___ Records for the exercise ___

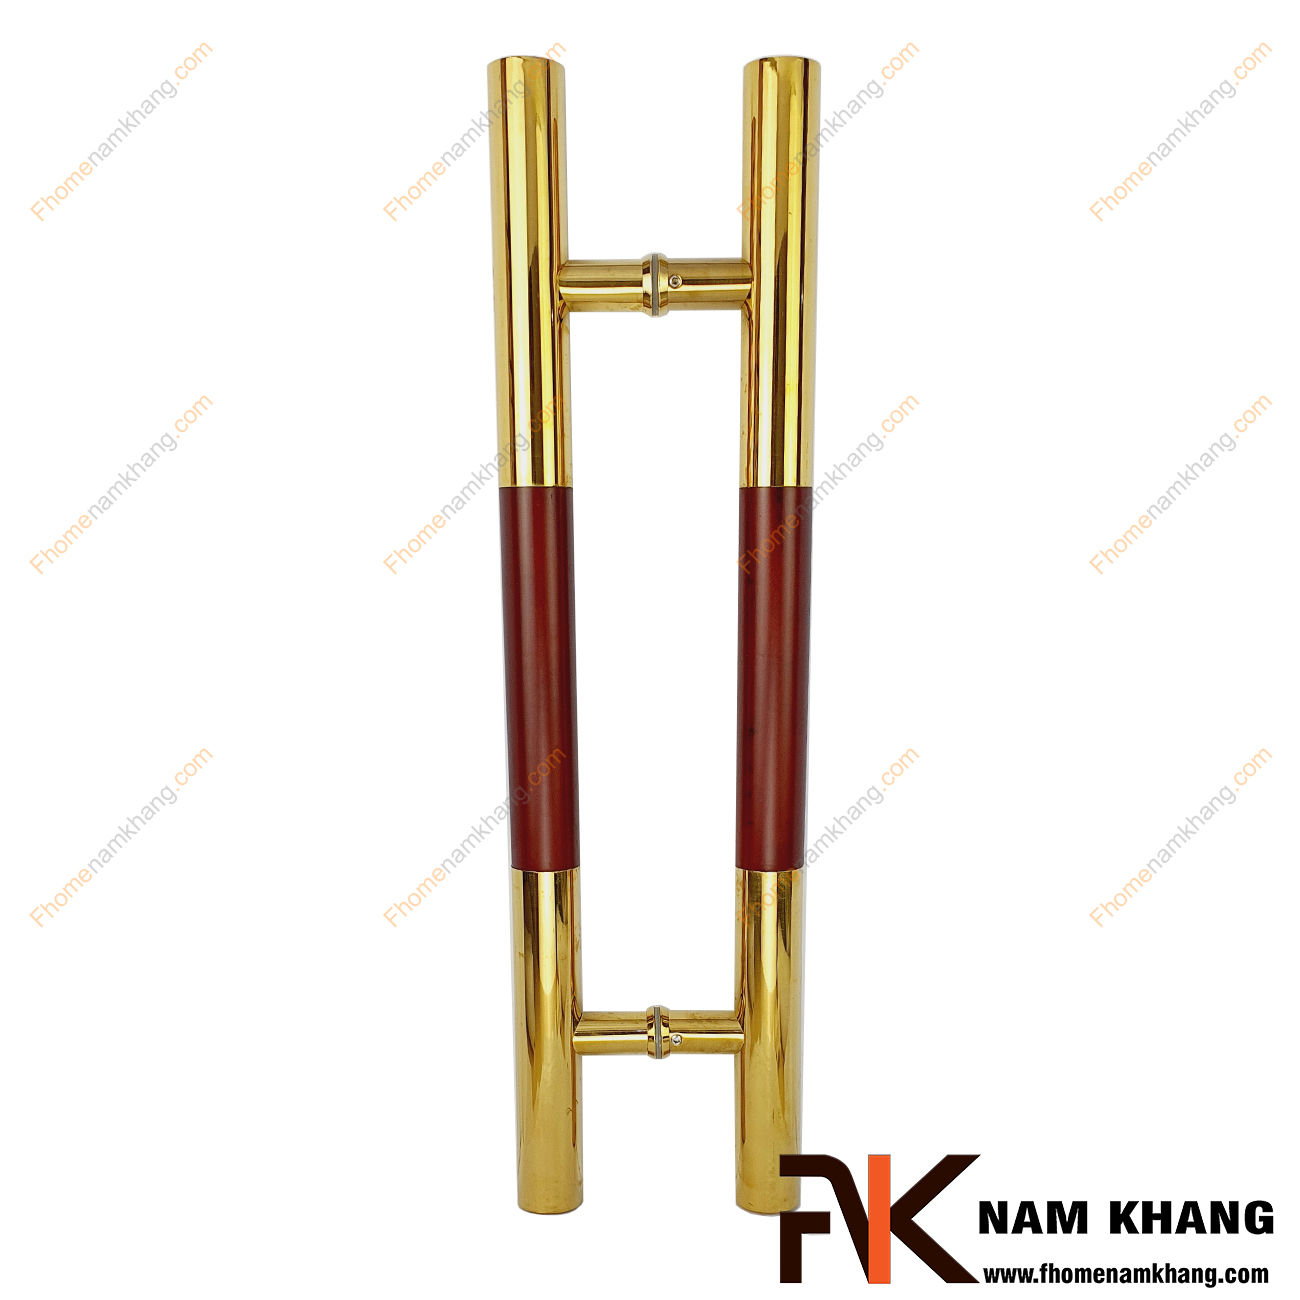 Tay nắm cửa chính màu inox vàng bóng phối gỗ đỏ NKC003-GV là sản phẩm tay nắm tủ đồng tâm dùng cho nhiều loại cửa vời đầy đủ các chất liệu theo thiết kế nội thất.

___
___ Records for the exercise ___

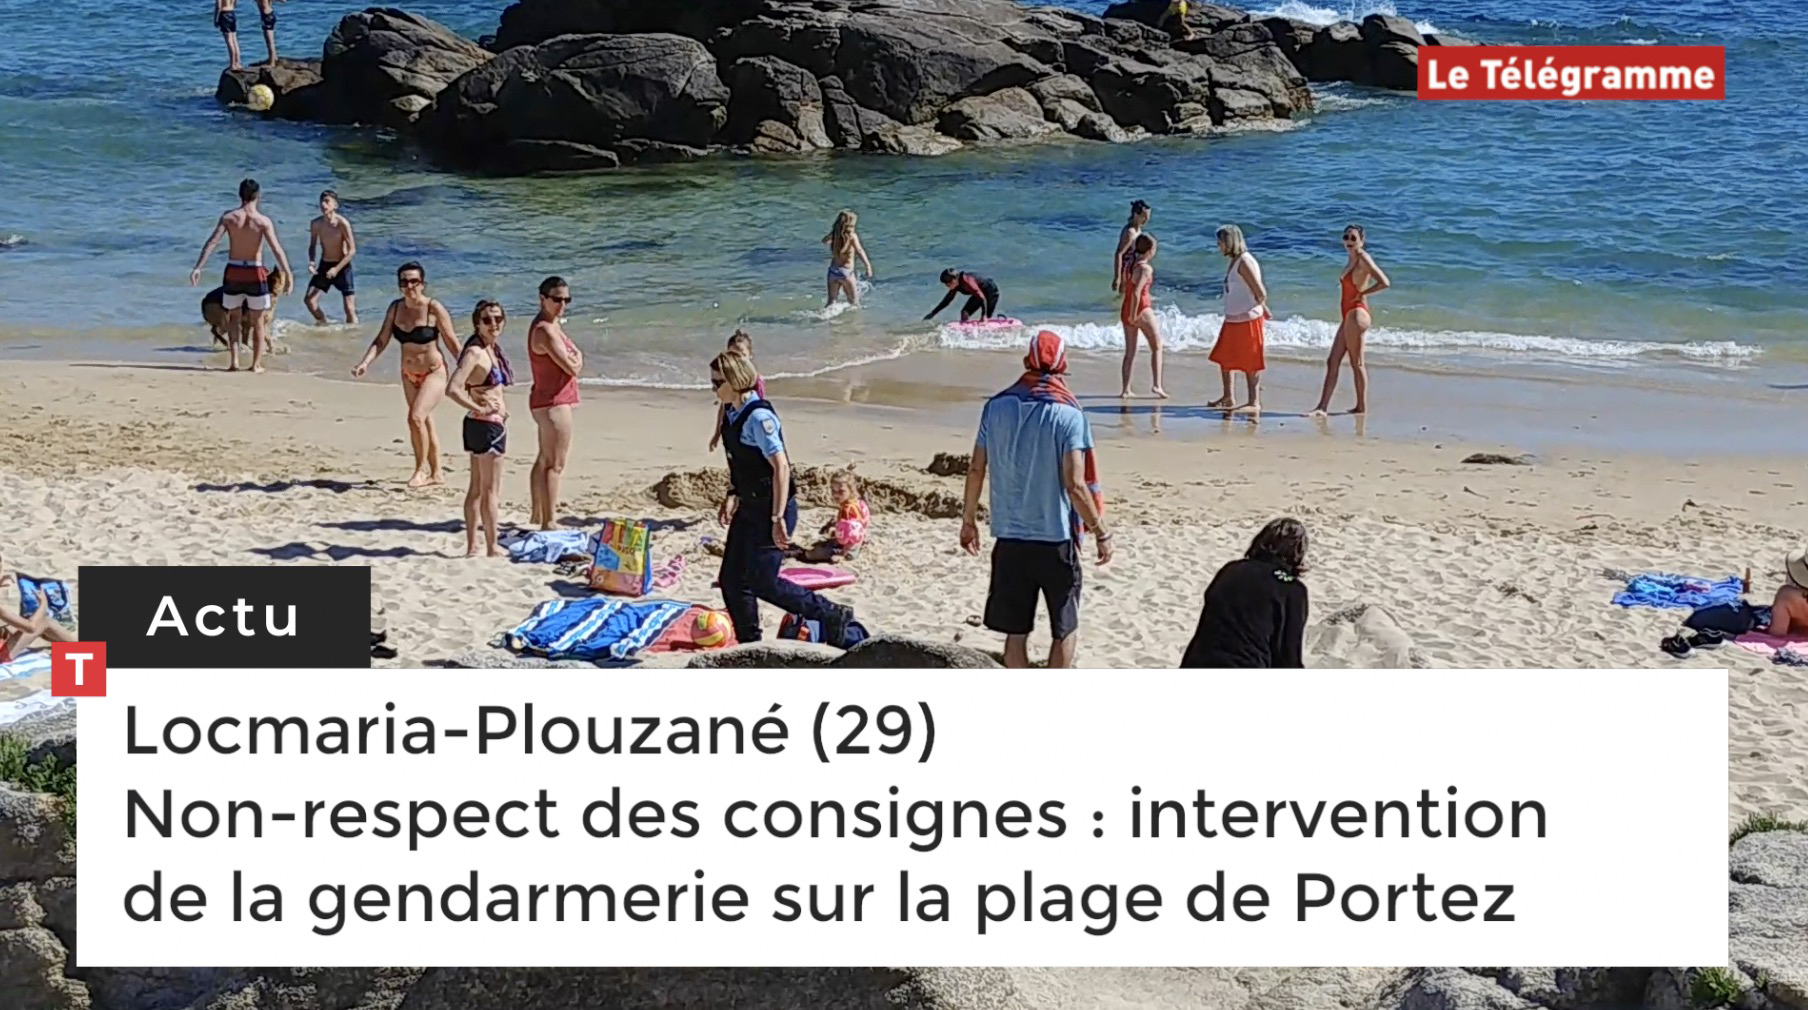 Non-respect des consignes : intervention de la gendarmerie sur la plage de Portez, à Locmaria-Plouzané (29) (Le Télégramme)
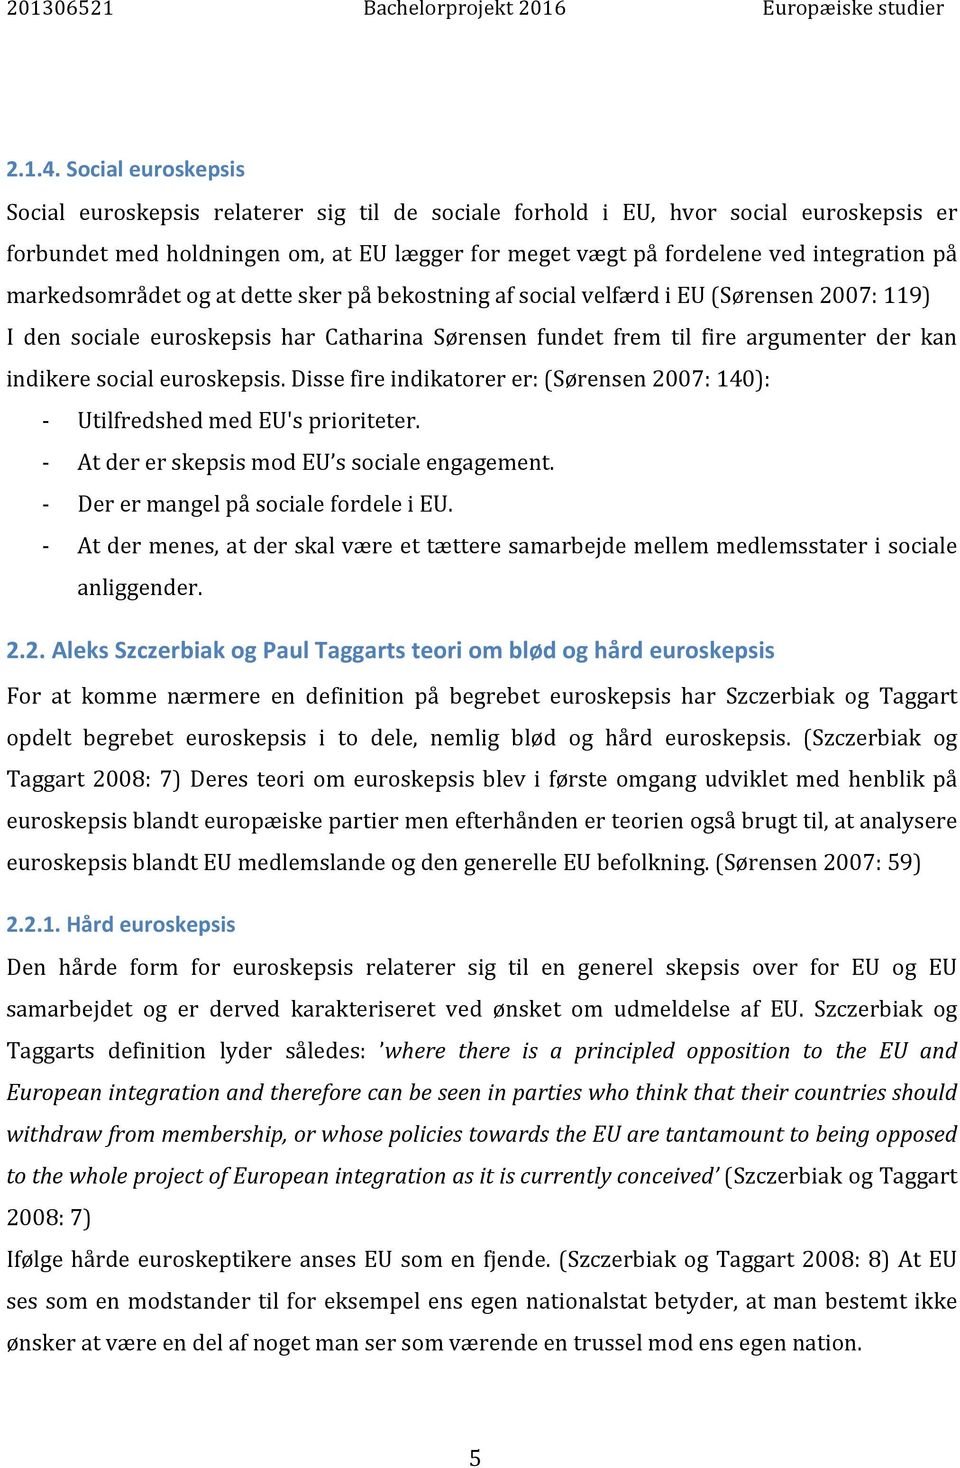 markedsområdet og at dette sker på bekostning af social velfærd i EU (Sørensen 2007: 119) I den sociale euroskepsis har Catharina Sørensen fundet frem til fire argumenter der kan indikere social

___

Please copy out from the data above, without any picture, exactly the lines running from the one that holds "Non-respect des consignes" through the one that holds "markedsområdet og at", and nothing beyond them.

 Non-respect des consignes : intervention de la gendarmerie sur la plage de Portez, à Locmaria-Plouzané (29) (Le Télégramme)
 markedsområdet og at dette sker på bekostning af social velfærd i EU (Sørensen 2007: 119) I den sociale euroskepsis har Catharina Sørensen fundet frem til fire argumenter der kan indikere social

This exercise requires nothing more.